Exploring how a scorpion toxin might help treat heart attacks
Date:
July 15, 2020
Source:
American Chemical Society
Summary:
Scientists are discovering potential life-saving medicines from
an unlikely source: the venom of creatures like snakes, spiders
and scorpions. Scorpion venom, in particular, contains a peptide
that has beneficial effects on the cardiovascular system of rats
with high blood pressure. Now, researchers say they know a little
more about how that happens.
FULL STORY ========================================================================== Scientists are discovering potential life-saving medicines from an
unlikely source: the venom of creatures like snakes, spiders and
scorpions. Scorpion venom, in particular, contains a peptide that has beneficial effects on the cardiovascular system of rats with high blood pressure. Now, researchers reporting in ACS' Journal of Proteome Research
say they know a little more about how that happens.
========================================================================== Scorpion venom is a complex mixture of biologically active molecules,
including neurotoxins, vasodilators and antimicrobial compounds, among
many others.
Although the venom is painful for those unlucky enough to be stung by a scorpion, individual venom compounds, if isolated and administered at
the proper dose, could have surprising health benefits.

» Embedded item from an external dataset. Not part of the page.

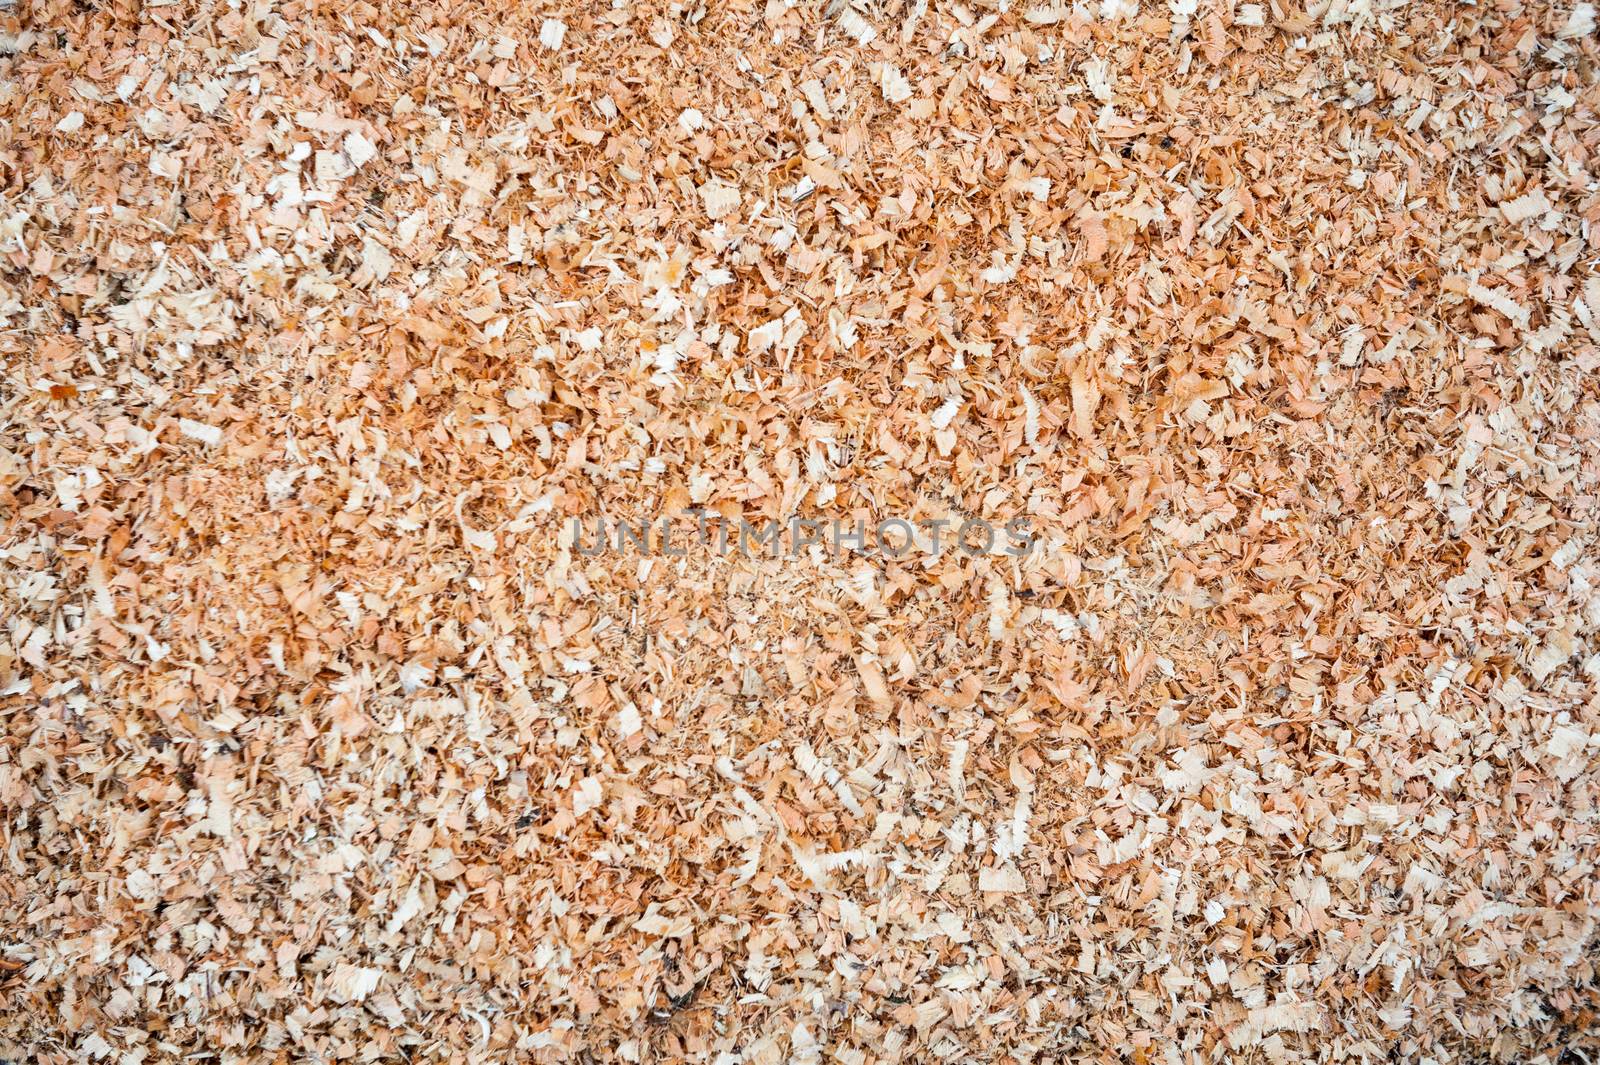 Wood sawdust by rootstocks

One promising
compound is the tripeptide KPP (Lys-Pro-Pro), which is a piece of a
larger scorpion toxin.
KPP was shown to cause blood vessels to dilate and blood pressure to
decline in hypertensive rats. Thiago Verano-Braga, Adriano Pimenta and colleagues wanted to find out what exactly KPP does to heart muscle
cells. The answer could explain the peptide's beneficial effects.

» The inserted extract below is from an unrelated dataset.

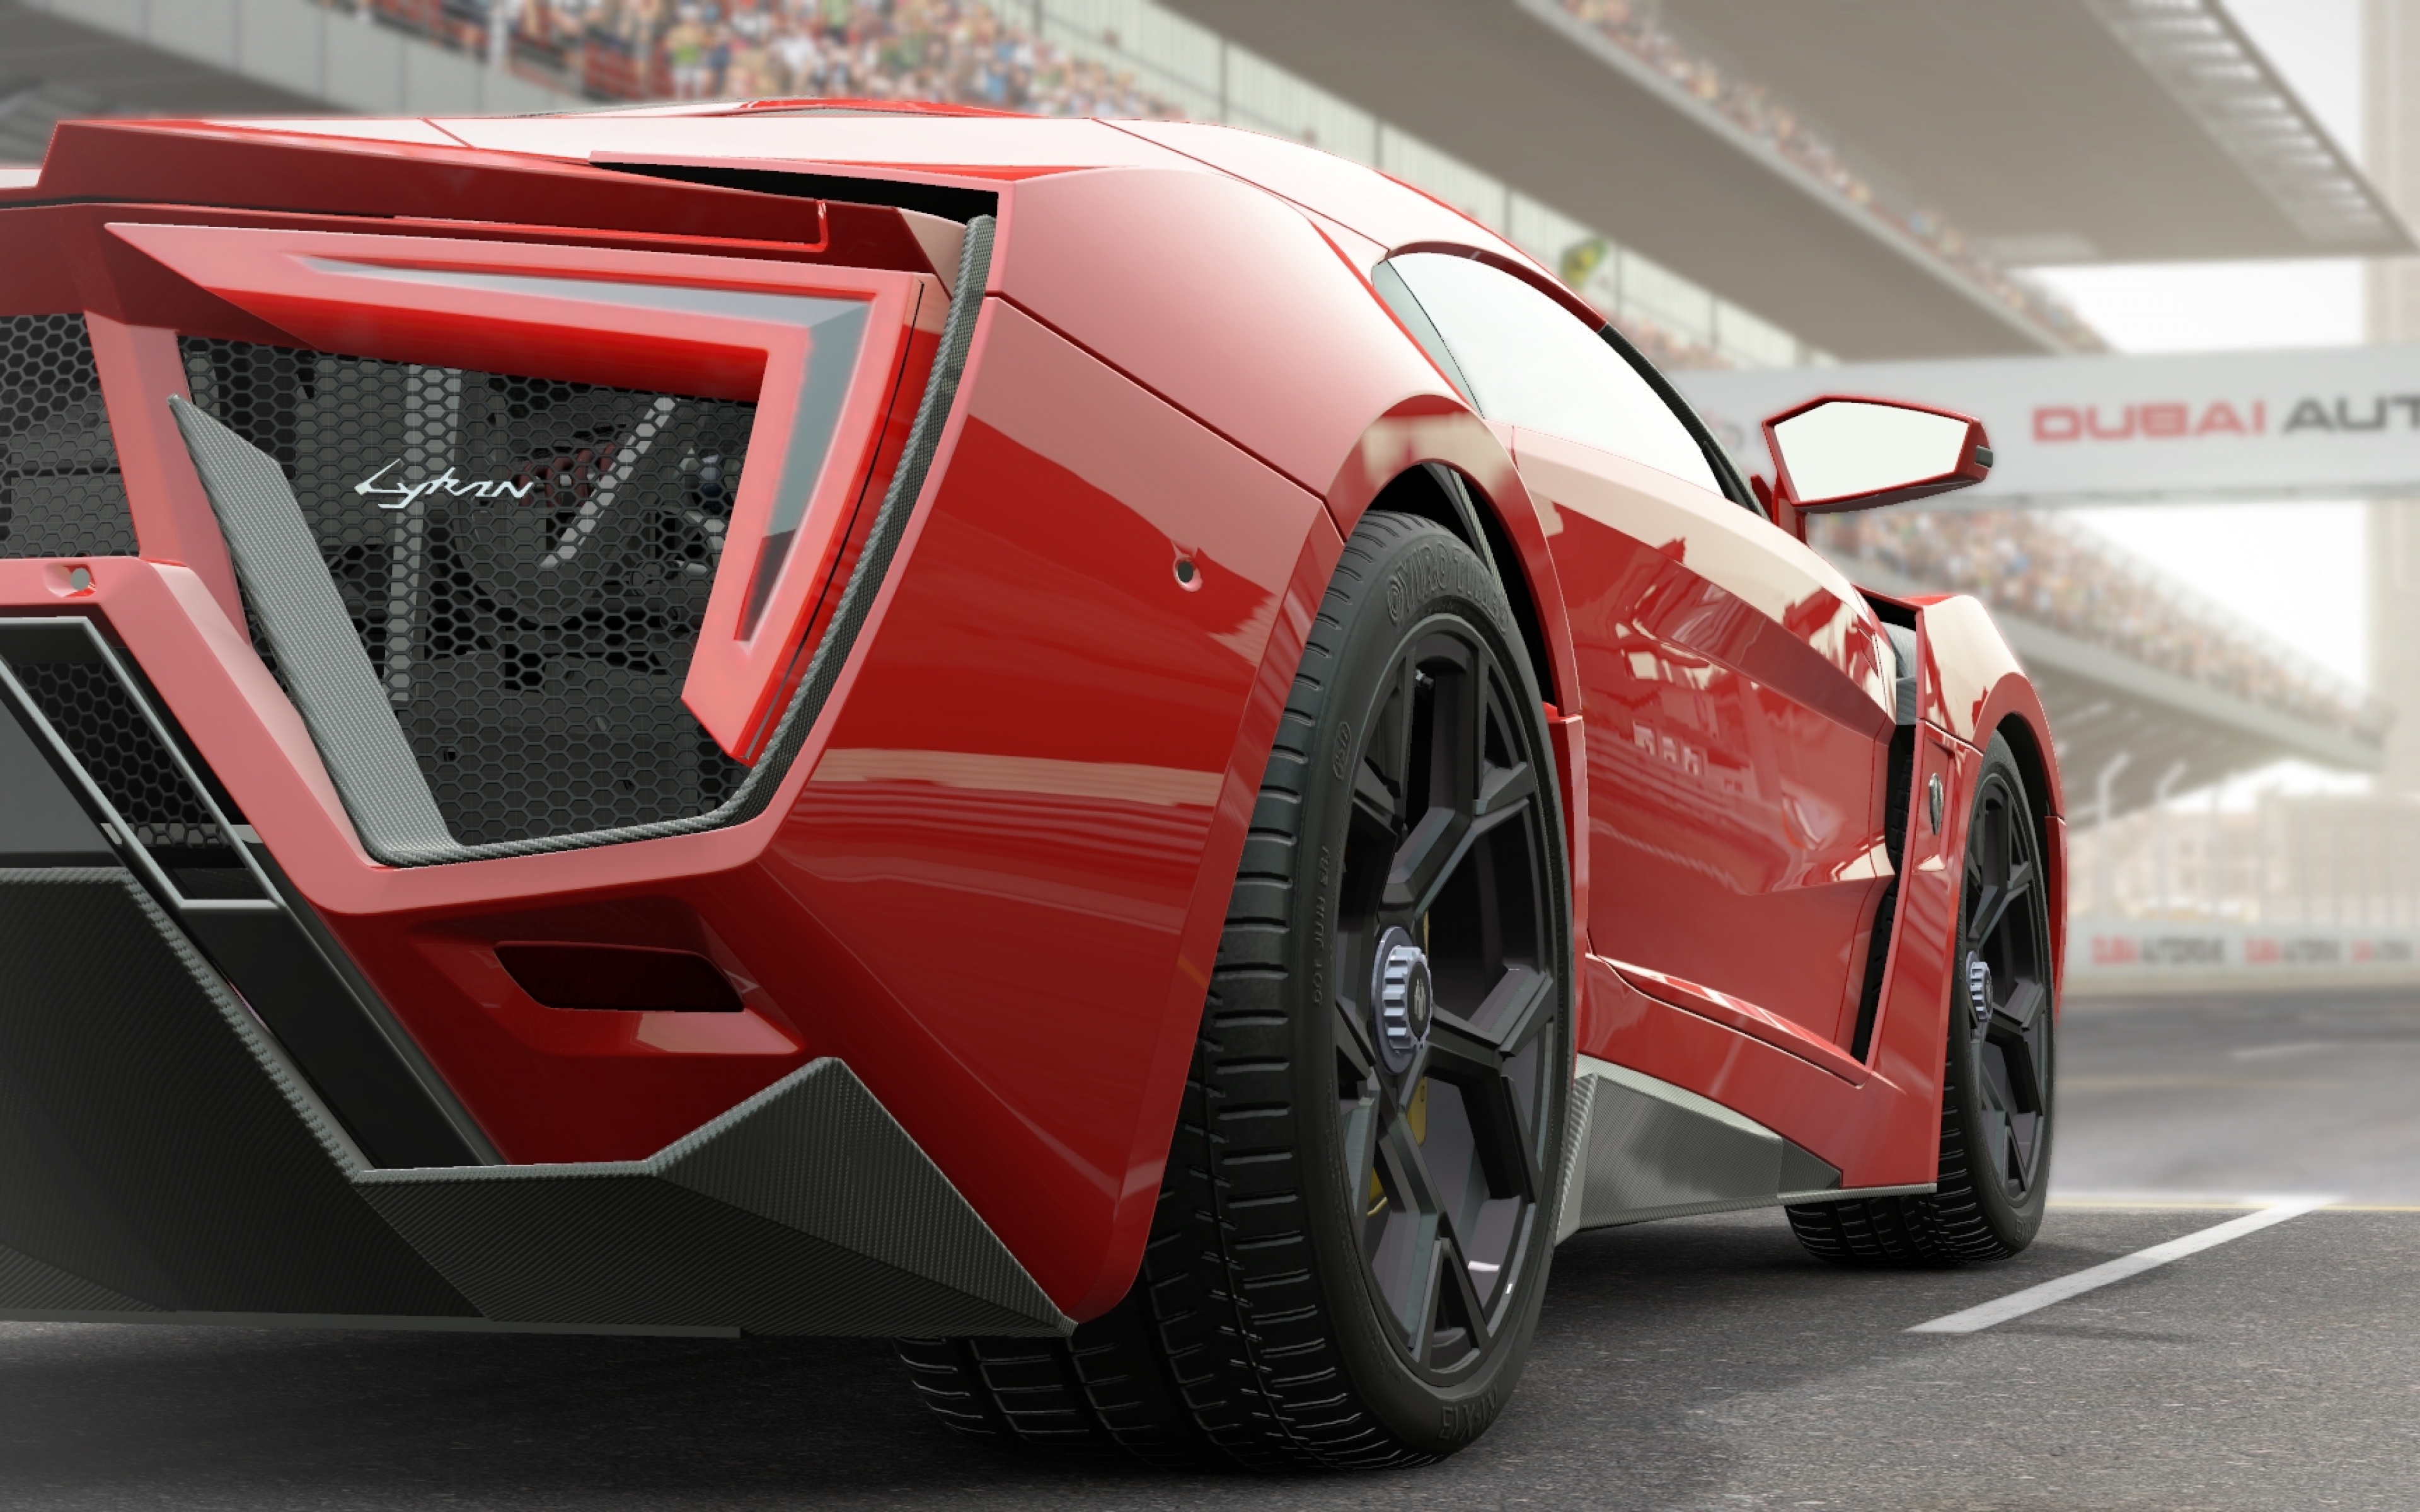 Hd Background Project Cars Lykan Hypersport Red Supercar - 4k Ultra Hd

The researchers treated mouse cardiac muscle cells in a petri dish
with KPP and measured the levels of proteins expressed by the cells at different times using mass spectrometry. They found that KPP regulated
proteins associated with cell death, energy production, muscle
contraction and protein turnover. In addition, the scorpion peptide
triggered the phosphorylation of a mouse protein called AKT, which
activated it and another protein involved in the production of nitric
oxide, a vasodilator. KPP treatment, however, caused dephosphorylation
of a protein called phospholamban, leading to reduced contraction of
cardiac muscle cells. Both AKT and phospholamban are already known to
protect cardiac tissue from injuries caused by lack of oxygen. These
results suggest that KPP should be further investigated as a drug lead
for heart attacks and other cardiovascular problems, the researchers say.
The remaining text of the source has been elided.